Understanding how Kubernetes manages your applications is crucial for effective deployment and scaling. At the heart of its power lies a fundamental concept: the distinction between the declared state and the observed state. Grasping this difference unlocks a deeper understanding of Kubernetes’ automated healing and scaling capabilities.
The declared state, often referred to as the desired state, is what you, the user, tell Kubernetes you want. You express this through configuration files like YAML manifests. This manifest describes the ideal state of your system – for example, you declare that you want three replicas of a specific application running, using a particular container image, exposed on a certain port, and utilizing specific storage. This is your intention, your blueprint for reality.
The observed state, or actual state, is the current condition of your cluster and the resources within it. This is the ground truth, what is currently happening in the cluster right now. It reflects how many pods are actually running, their current status (pending, running, failed), their IP addresses, the state of volumes, and so on. This information is gathered by various components within the Kubernetes control plane.
Kubernetes operates on a continuous reconciliation loop. The control plane constantly watches the observed state and compares it against the declared state. Its core job is to bridge any gap between what you want (declared) and what currently exists (observed).
This is where controllers come into play. These are specific processes within the control plane responsible for particular resource types (like Deployments, StatefulSets, Services, etc.). Each controller monitors resources relevant to it. If a controller detects a discrepancy – for instance, if you declared three replicas but only two are running in the observed state – it takes action.
Using the control loop, the controller initiates the necessary steps to move the system from the observed state closer to the declared state. In the replica example, the Deployment controller would instruct the API server to create a new pod. This loop is constant and automated. If a pod crashes, the controller observes that the replica count no longer matches the declared state and automatically creates a replacement. If you update the declared state (e.g., scale up to five replicas), the controller observes the change and creates two new pods to match the new desired number.

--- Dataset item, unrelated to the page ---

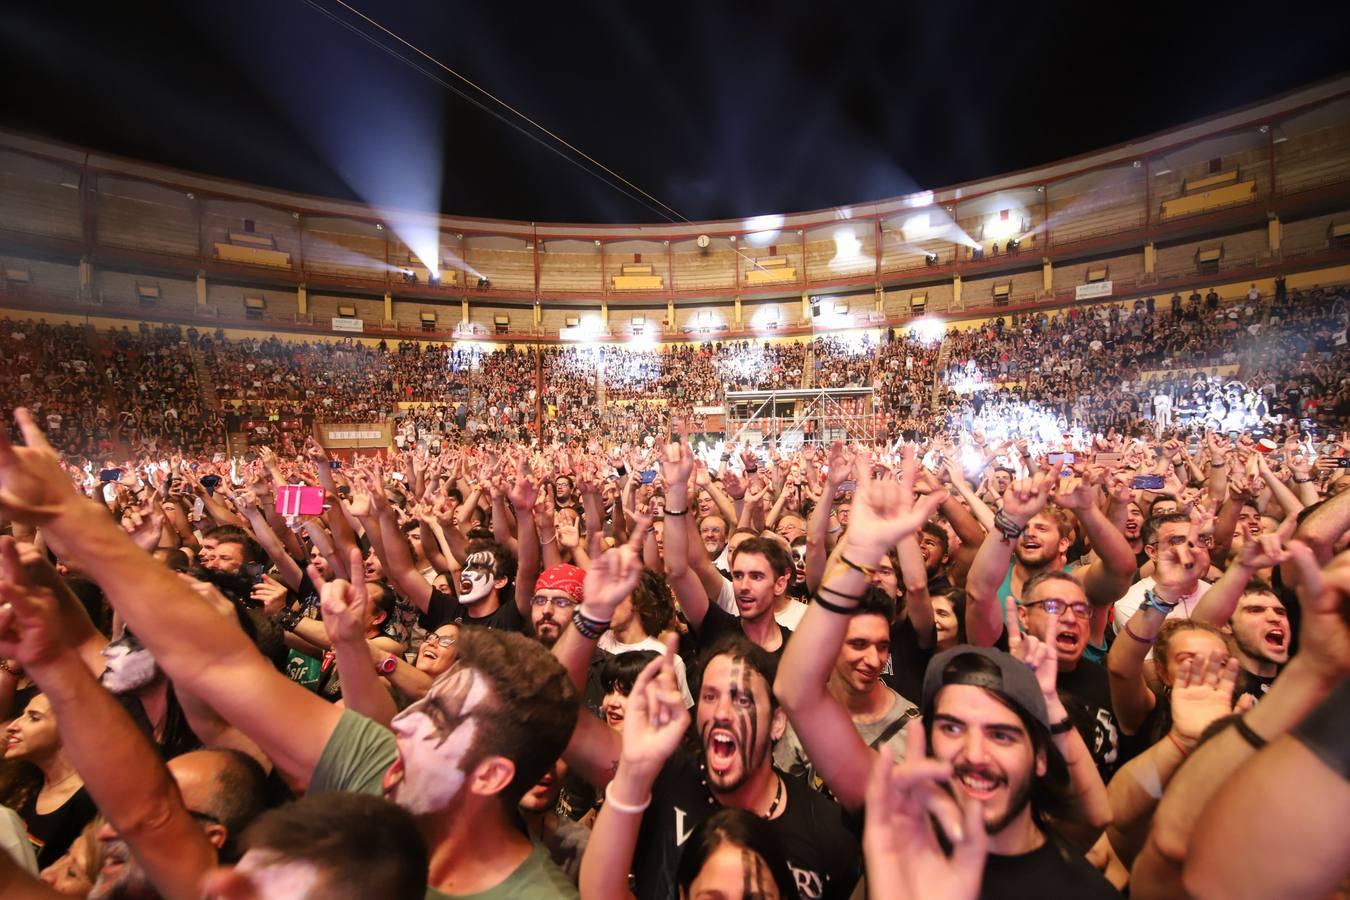 Festival de la Guitarra de Córdoba de 2018 | El concierto de Kiss en imágenes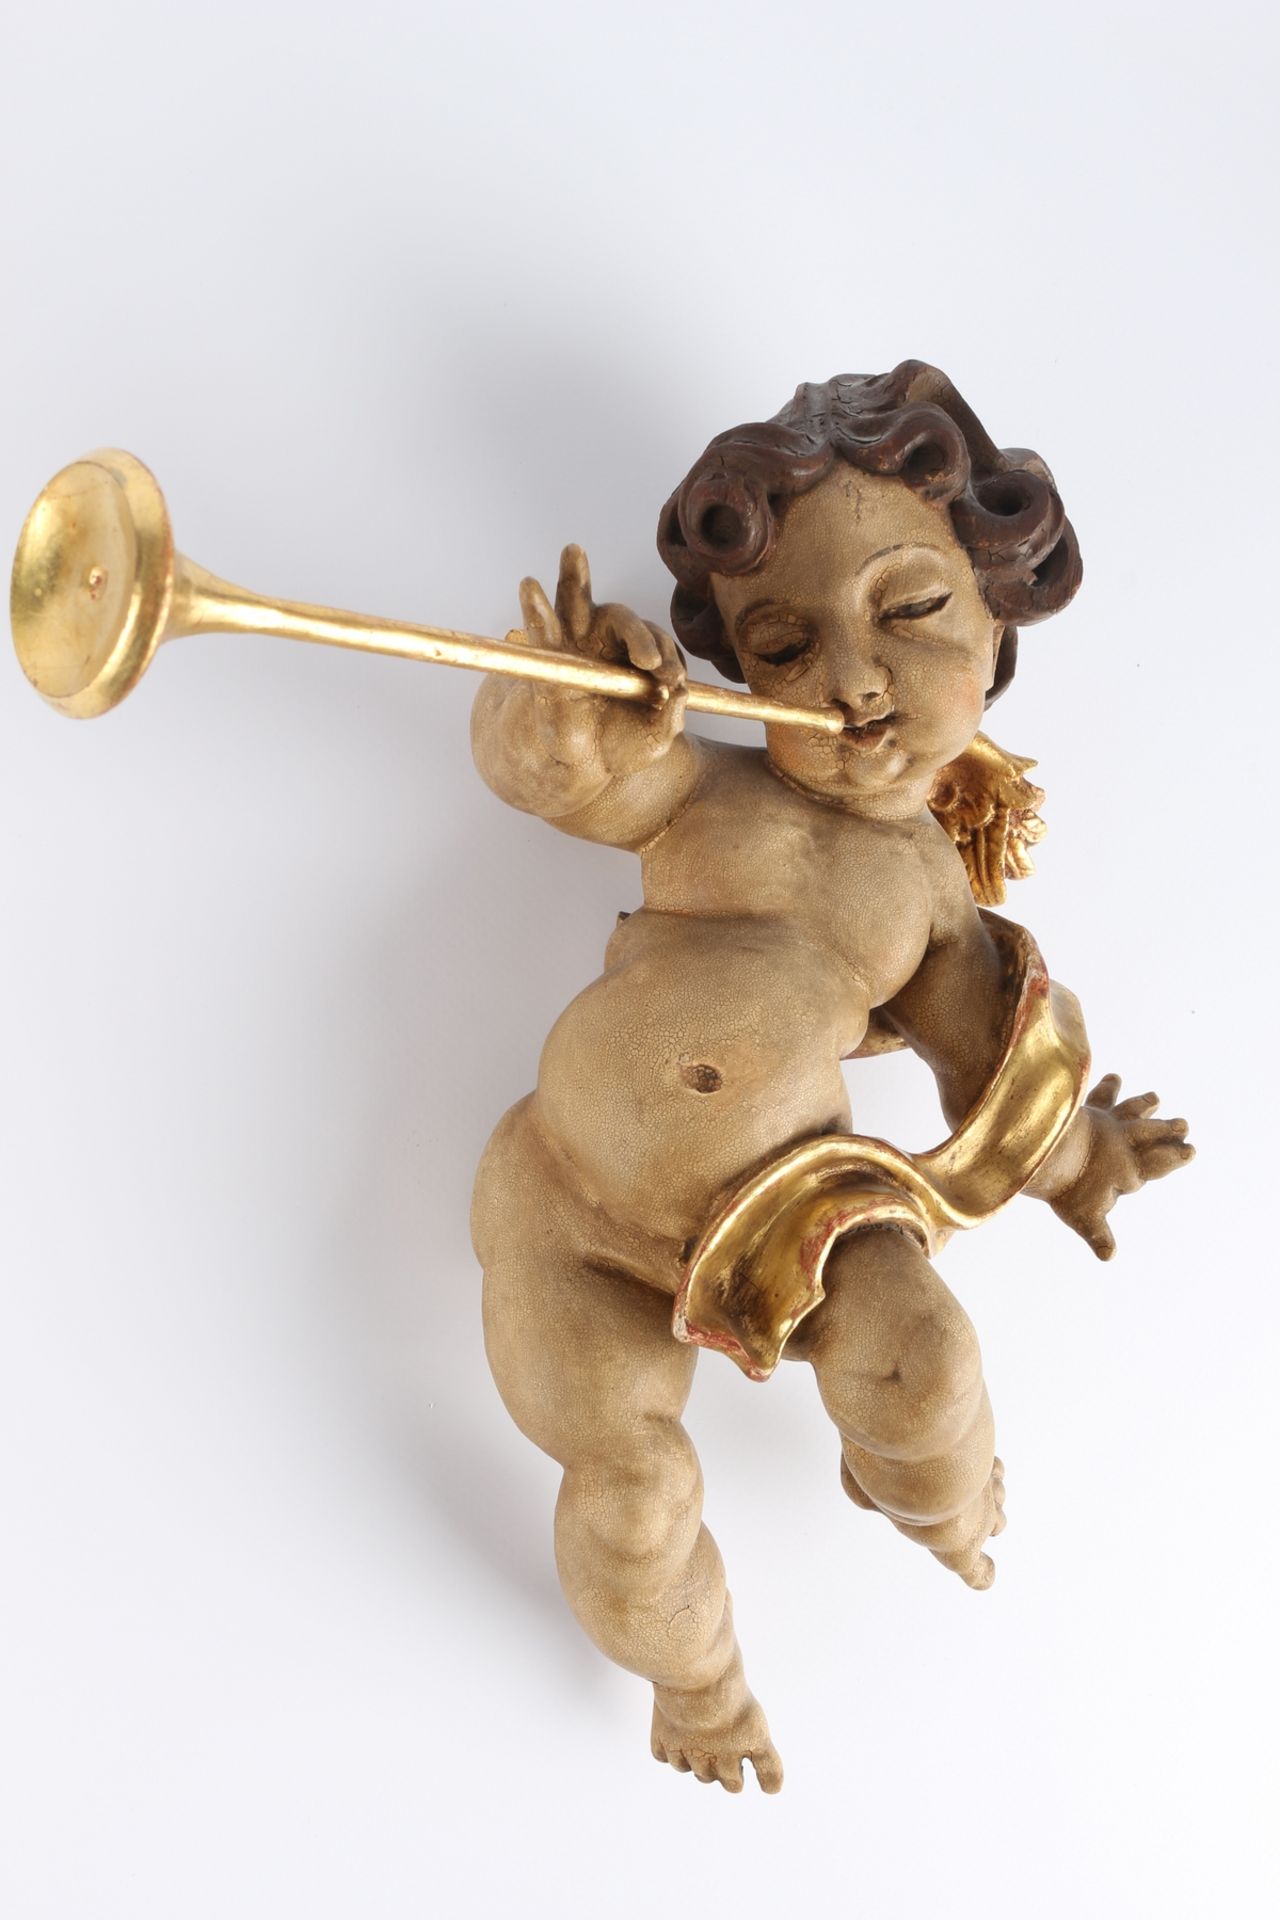 Paar Posaunen - Putten, pair of trombones putti, - Image 3 of 4

This declarative model is incredibly powerful. Instead of issuing imperative commands (“start a pod,” “delete a pod”), you simply state your desired outcome. Kubernetes then takes on the responsibility of maintaining that state, handling failures, scaling, and updates automatically. By clearly defining your declared state and relying on Kubernetes to reconcile it with the observed state, you build resilient and self-healing systems. It is this fundamental paradigm that makes Kubernetes so effective at managing complex, dynamic applications at scale.